〈日文便り〉
時が経つのは早いもので、「夏休み」と思っているうちに、暑いまま9月。
先日、リビングの掛時計を落として文字盤のガラスを割ってしまいました。
あーあ、買い替えかー。
でも、資源ゴミに出そうと部品をバラしていて気づきました。掛時計って直径30センチ弱ありますけど、実は針を動かしてるのは文字盤の裏にある10センチ四方もない小さい駆動装置(ゼンマイと電池の入った機械の部分)なんですね。それと針さえあれば、数字の書いてある文字盤とガラスのカバーなんてなくても「時計」としての機能は十分なんです。
あれ?じゃあ、「時計」の大事な心臓の部分は無傷なわけで、買い替えることないんじゃない?
文字盤の代わりになるものさえあれば。
あとはそこに針と駆動装置を取り付けて…
こうして完成したのがコチラ。
北海道のお土産にいただいた「じゃがポックル」。その空き箱で作った世界に一つしかない(たぶん)時計です。
え?
いや、時計って、それ紙じゃないの?
ええ、紙ですが何か?
空き箱そのまま使ってますからね。
でもまさにその「空き箱がなんか時計になっちゃってるんですけど!」ってのがオシャレで気に入ってます。
紙だから湿気でゆがむだろうし、色あせもするし、カバーがないから針の間にほこりがたまったりするかもしれない。でも元々捨てられるはずの空き箱と時計ですから。古くなったら次の空き箱に換えればいい。思い出をディスプレイするような気分で季節ごとに変えるのもいいかも。かわいいから捨てられなくて取ってあったお菓子の缶とか、お気に入りのアクスタとか、なんならぬいぐるみのお腹とか…「今度は何を時計にしちゃおっかな」って考えるアナーキーな楽しさがあります。

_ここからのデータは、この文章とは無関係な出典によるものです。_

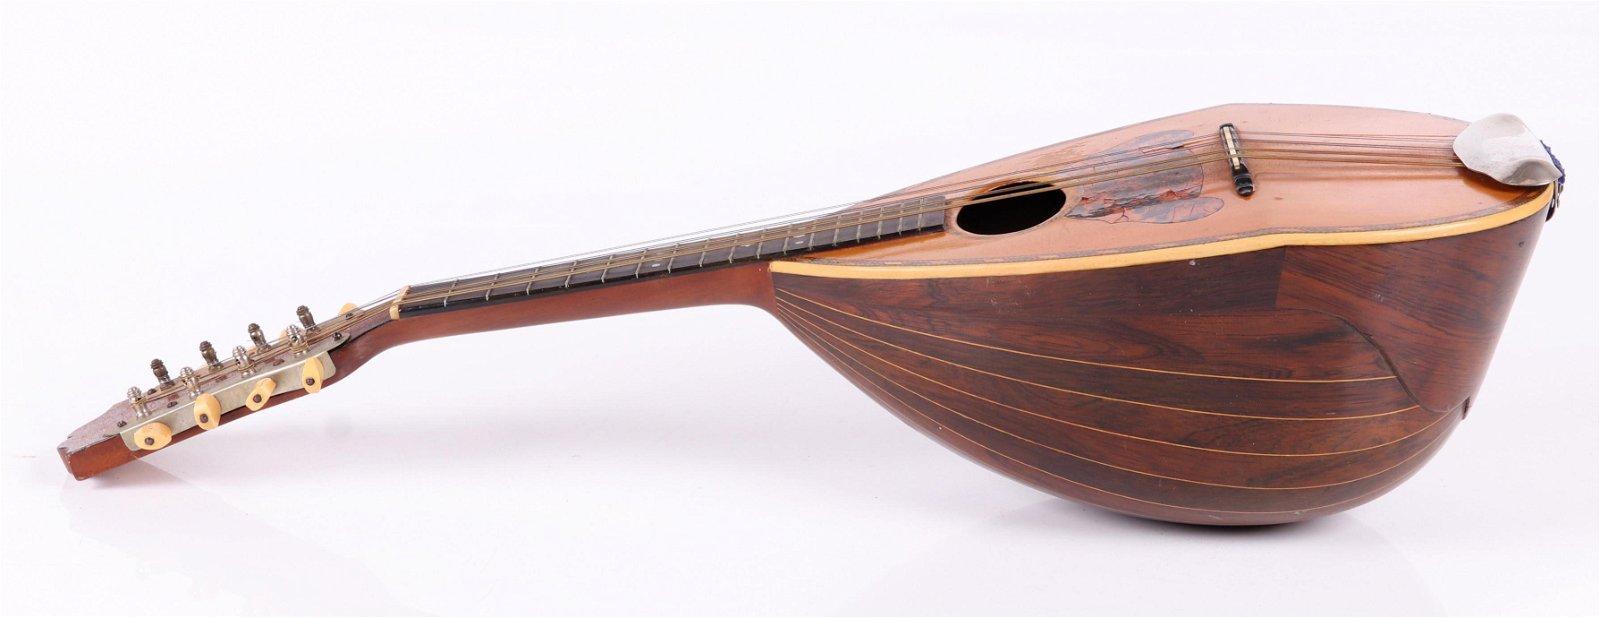 An Early 20th Century Weymann Mandolin
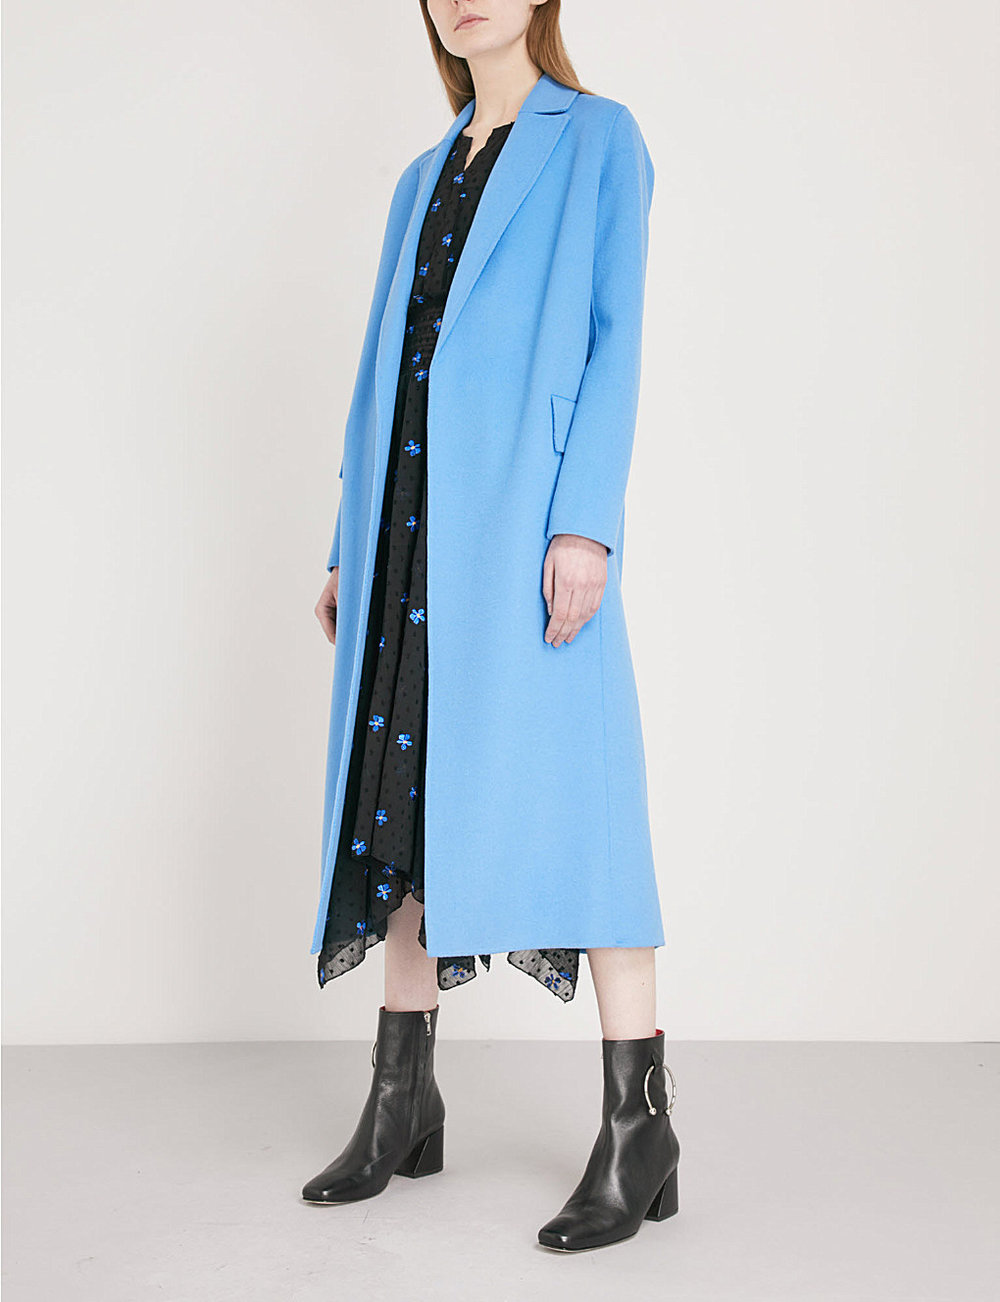 - Maje / Geode Wool Blend Coat

元々日本の住まいって、茅葺き屋根やら襖や障子やらでできてるでしょ?骨組みだけ残して外側だけを張り替えて、古いものを残しつつ新しくもしていく…そんな和の精神を受け継いだ時計!・・・って、言い張ってみよう。
たかが「時計」、されど、です。「時計=買ってくるもの」とか「時計=ずっと使い続けるもの」とか、「時計=専用に作られた装置」っていう常識から自由になって、好きなものを時計にする、という新発想。
ちょっと立ち止まって、分解してみると、「常識」のフタがあいて、世界が見えてくる。
ここまで読んでくれた人の中には「私もやってみたい!」という奇特な方が0.5人ぐらいはいるかもしれないので、ここで作り方をちょっとだけご紹介しておきます。時計なんて専門の職人さんじゃないと、と思うかもしれませんが、それは駆動装置の中身をいじる場合。文字盤をいじるだけなら誰にでもできます。
まずは針を引っこ抜きます。ペンチを使うのがベターですが、手でも抜けます。
次に駆動装置を文字盤に留めつけているナットをねじって取ります。これはさすがにペンチかスパナが必要。

そうすると裏側の駆動装置がスポッと取れます。
これで移植手術の前半は無事終わりました。
続いて後半戦。
市販の時計キットとかも出回っていて、そういうキットを使って手作りしようっていう人はここからスタートです。ここまでのパーツどり工程はいらないもんね。
新しい時計になる空き箱の中心(またはお好きな位置)に、元の文字盤にあいていたのと同じ径の穴を開けます。ここに針の軸が通ります。
箱の裏側の、駆動装置のあたり、四角く切って窓を作っておきます。開けておかないと電池交換できなくなっちゃいますから。掛時計にする場合は、上の方にフックに引っかけるための穴も開けておきましょう。

あとは、外した時と逆の順番で、ナットを締めて、針を元通り取り付ければ、じゃがポックル時計の完成です!
今回は針と駆動装置以外を全交換しましたが、元の時計をそのまま利用して、文字盤だけ好みのものに取り替えることもできます。
以上、時計の作り方?壊し方?でした!!
「作る」なんてたいそうなもんじゃないんですけどね
「常識のふたを開けて、ちょっとだけ首つっこんで、ちょっとだけ手を加える」、かなあ。
そういうのが、たのしいっておもう。